In the first quarter, the chemical sector was favored by the market, and the chemical prosperity index continued to rise in the spring.

With the profit growth of the chemical industry and the increase of industry concentration, some leading companies have carried out the entire industrial chain layout, extending upstream and downstream, or establishing industrial and industrial parks covering multiple industries to enhance the core competitiveness of the entire industrial chain. With the strengthening of environmental protection, these leading enterprises with multiple advantages have attracted market attention.

Luxi Chemical has initially formed a recycling industry chain of coal, salt, fluorine, silicon, petrochemicals, and new materials in the company's new chemical park. Its main products cover three major categories of basic chemicals, fertilizers and new chemical materials.

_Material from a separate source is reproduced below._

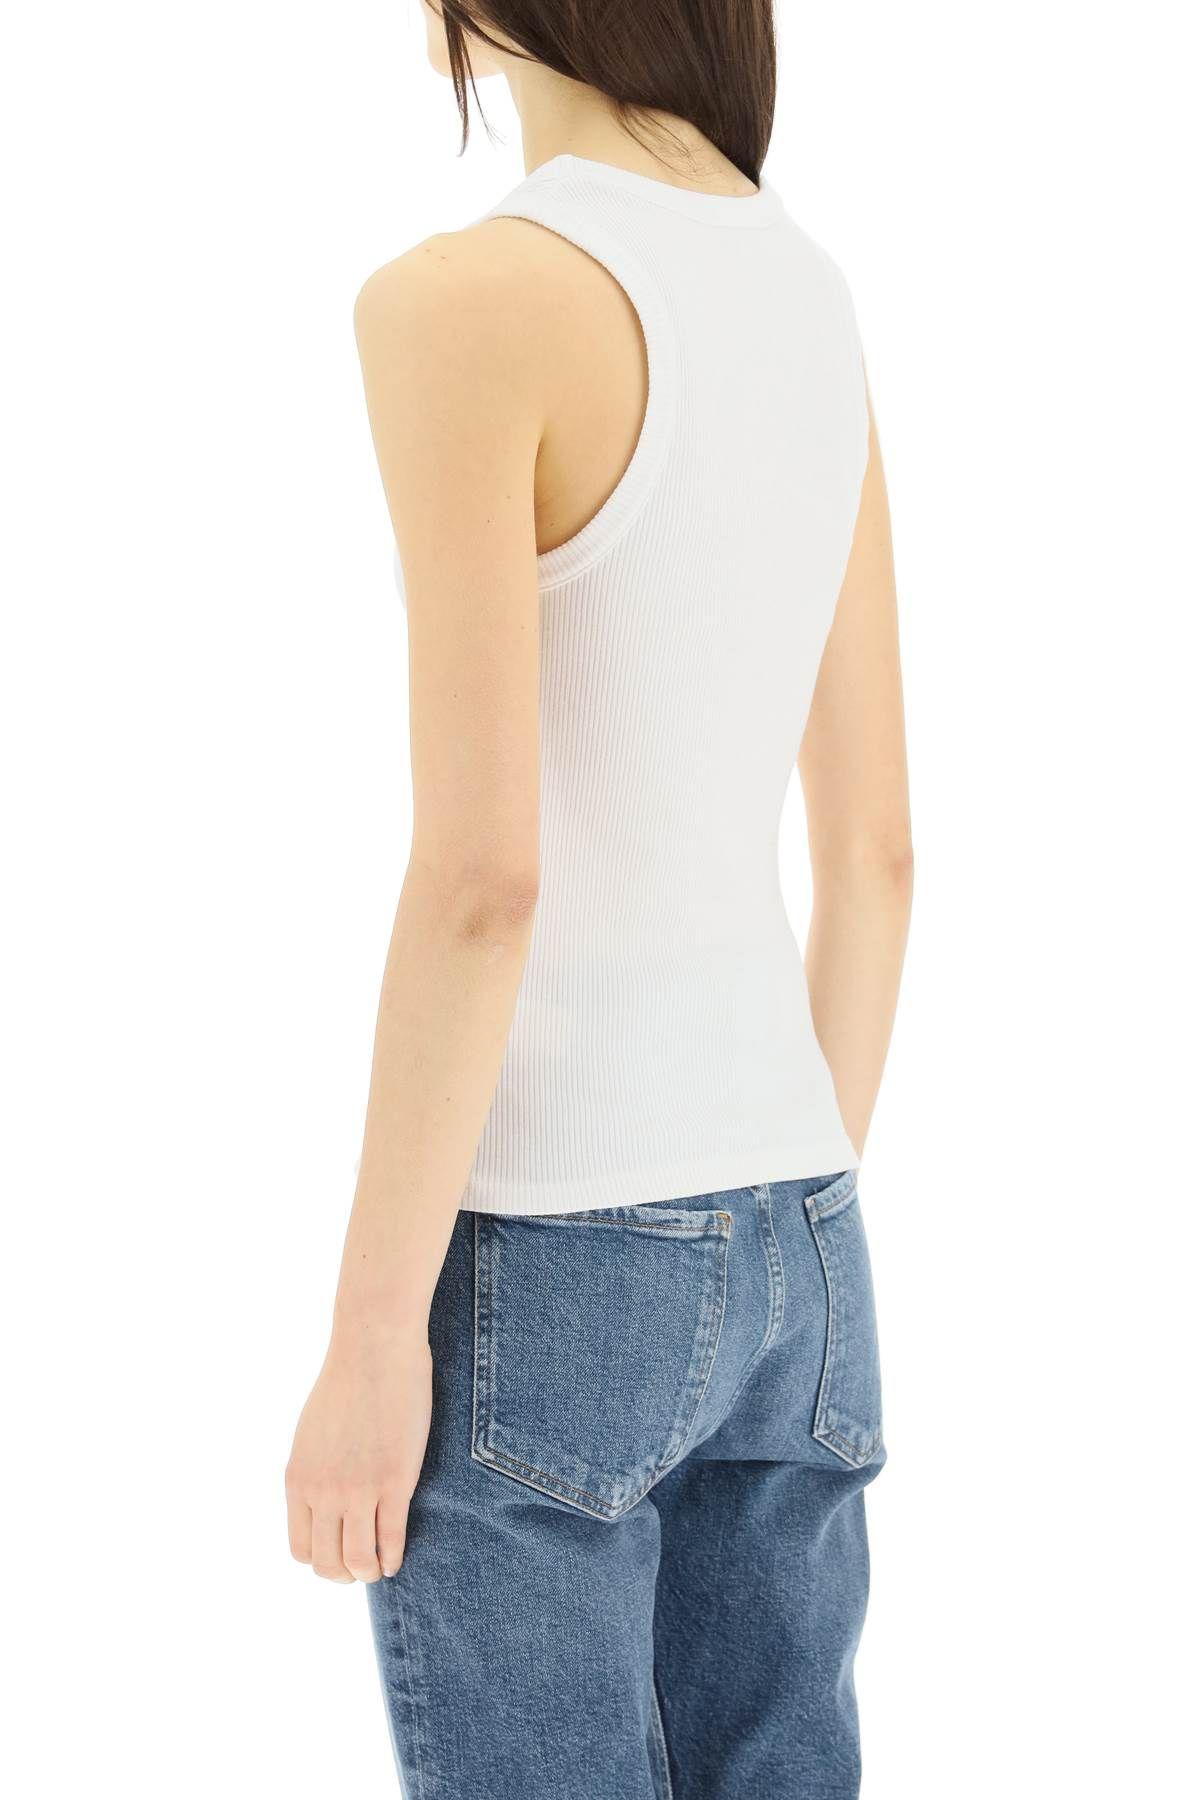 Shop Agolde Basic Tank Top In Wht White

Huatai Securities Research Report pointed out that Wanhua Chemical's TDI, PC, large ethylene and new materials projects have continued to advance, and the company's industrial chain has become increasingly perfect. The company's 300,000 tons of TDI project is expected to be completed and put into operation this year; the 70,000 tons of PC project has been completed in the first phase, and the 130,000 tons of PC project is expected to be completed and put into operation at the end of the year; the 1 million tons of light hydrocarbon (mainly propane) cracking ethylene project has entered the safety review And environmental review and approval; the capacity expansion and construction of other water-based coatings, TPU, ADI and other new projects are also progressing steadily.

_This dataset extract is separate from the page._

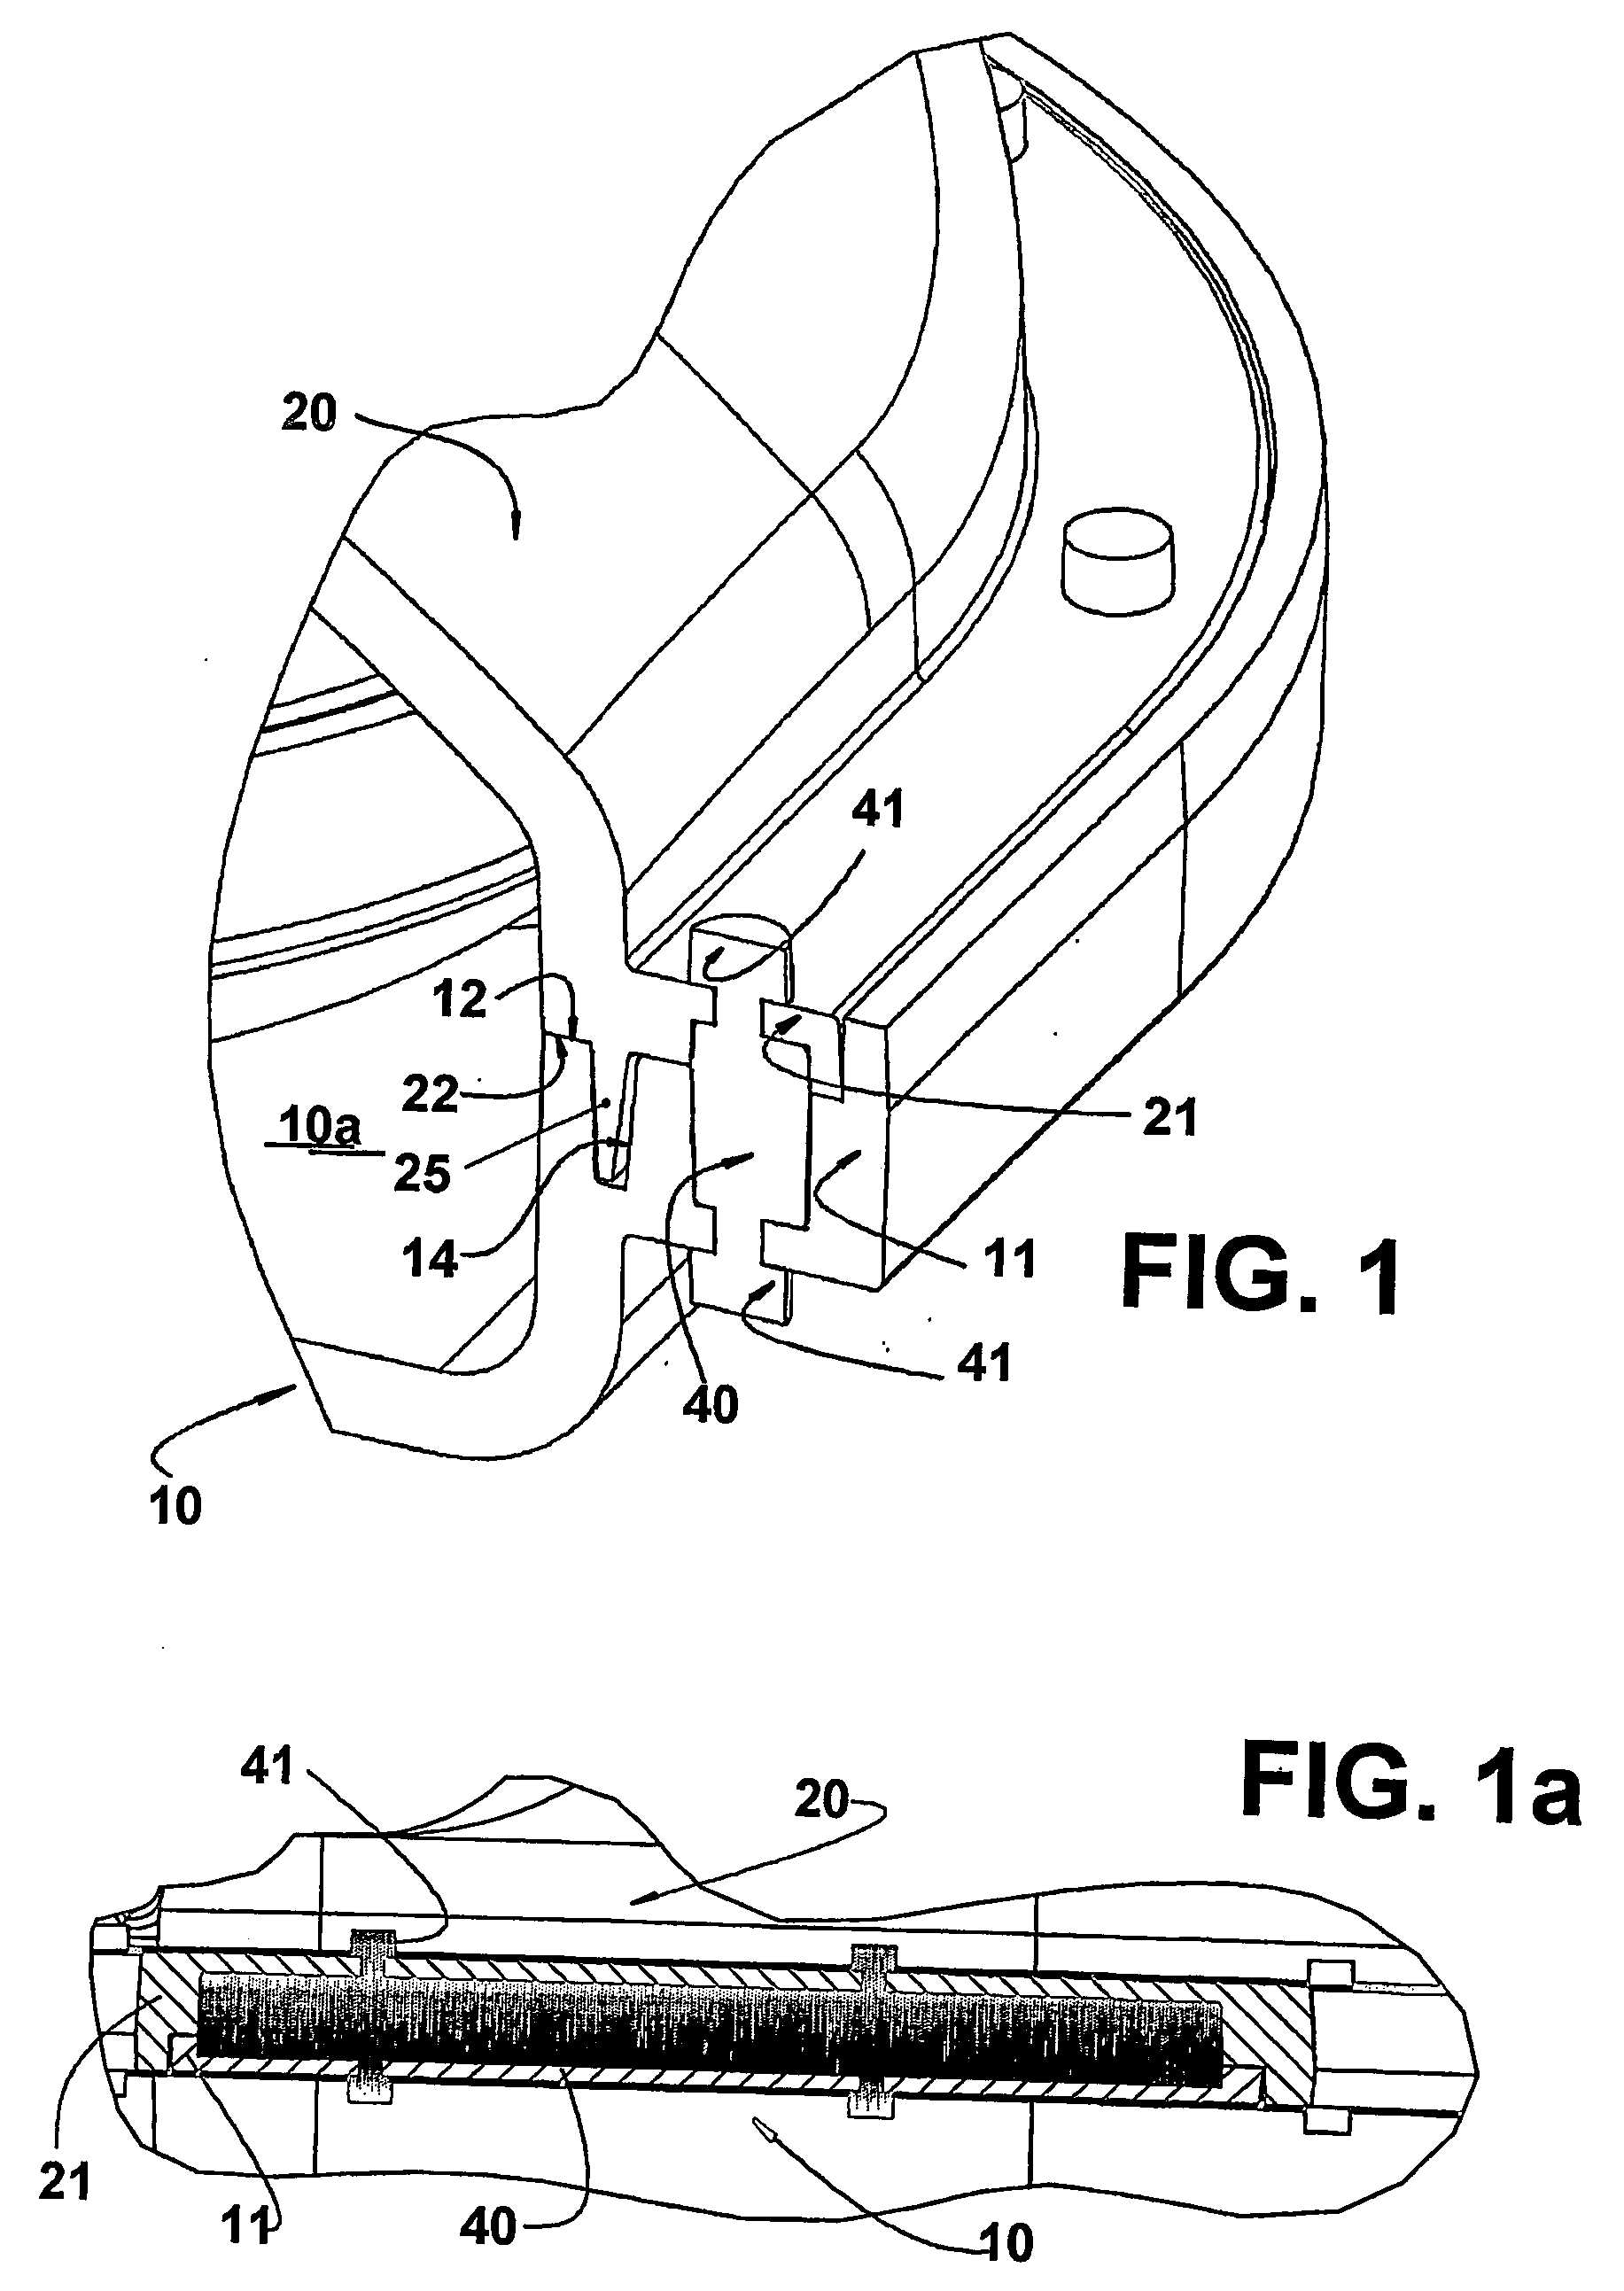 Suction muffler for a hermetic compressor

Fangda Chemical stated that the company has formed a large-scale industrialized production pattern mainly based on the three major imported equipments, such as caustic soda, propylene oxide, and polyether. The main sales targets include chemical fiber, pharmaceutical, polyurethane, construction and other downstream product manufacturers, and the products are widely used.

Lier Chemical's performance increased significantly, mainly due to the company's main product glufosinate prices and prices rose. In addition to the company's continued increase in glufosinate production capacity, Pacific Securities pointed out that the company also expects to build 1,000 tons of fluroxypyr and 1,000 tons of fluconazole in Guang'an, Sichuan.